However, what if you previously had a property named id which isn’t the entity identifier? Doesn’t a query method for this property clash with findById(…) and the other …ById(…)` methods?. It does.

If you run in such a scenario, you can insert a custom distinction in your method name, like findPersonById(…) if you work with Person entities. Spring Data’s method parsing uses prefix keywords like find, exists, count, and delete and a terminating By keyword. Everything you put in between find and By makes your method name more expressive and does not affect query derivation.

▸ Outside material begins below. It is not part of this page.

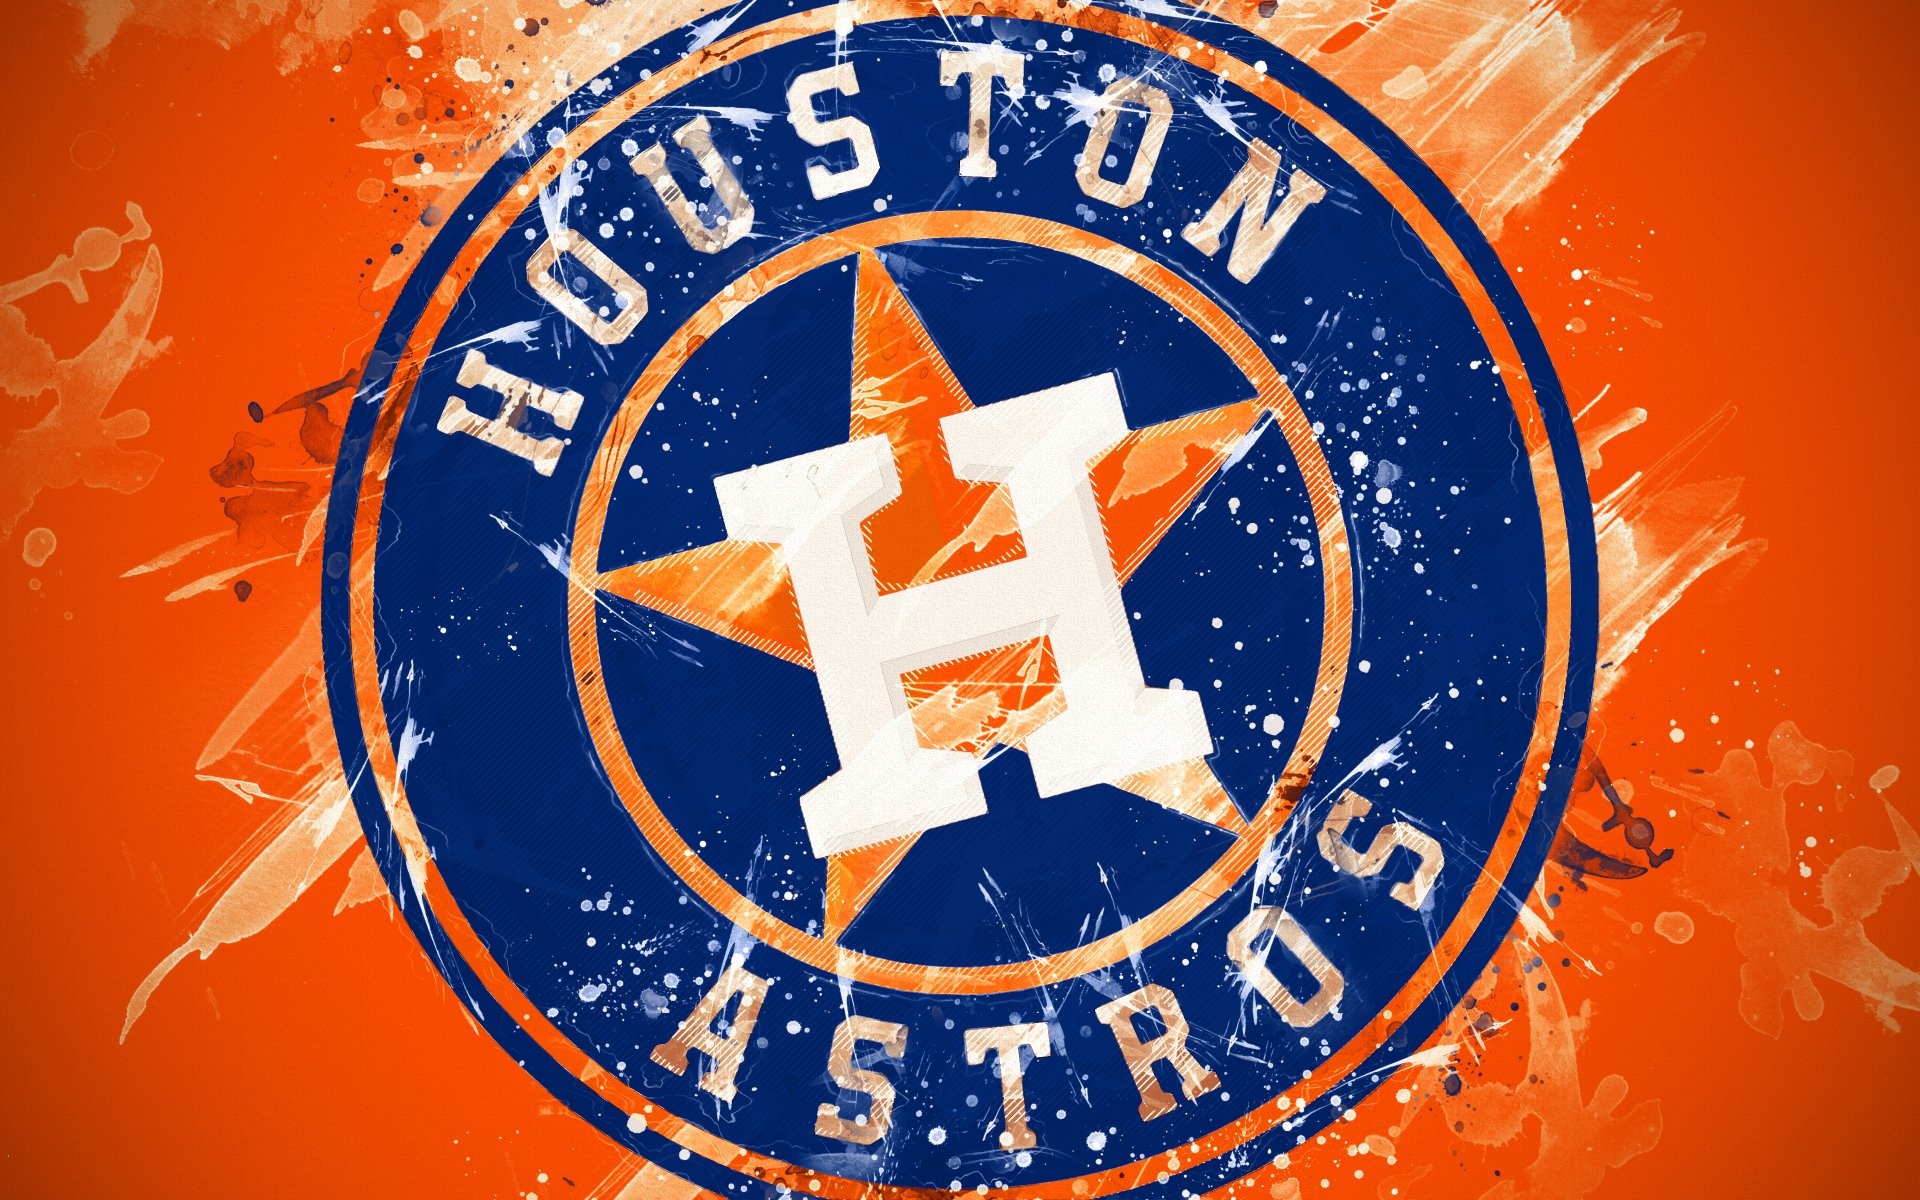 Houston Astros, HD wallpapers, Background images, Sports team, 1920x1200 HD Desktop

Fluent MongoOperations API

The MongoOperations interface is one of the central components when it comes to more low level interaction with MongoDB. It offers a wide range of methods covering needs from collection / index creation and CRUD operations to more advanced functionality like map-reduce and aggregations.

Looking at MongoOperations one can find multiple overloads for each and every method. Most of them just cover optional / nullable parts of the API. While this can be quite handy, it also gets verbose almost the point of being unreadable.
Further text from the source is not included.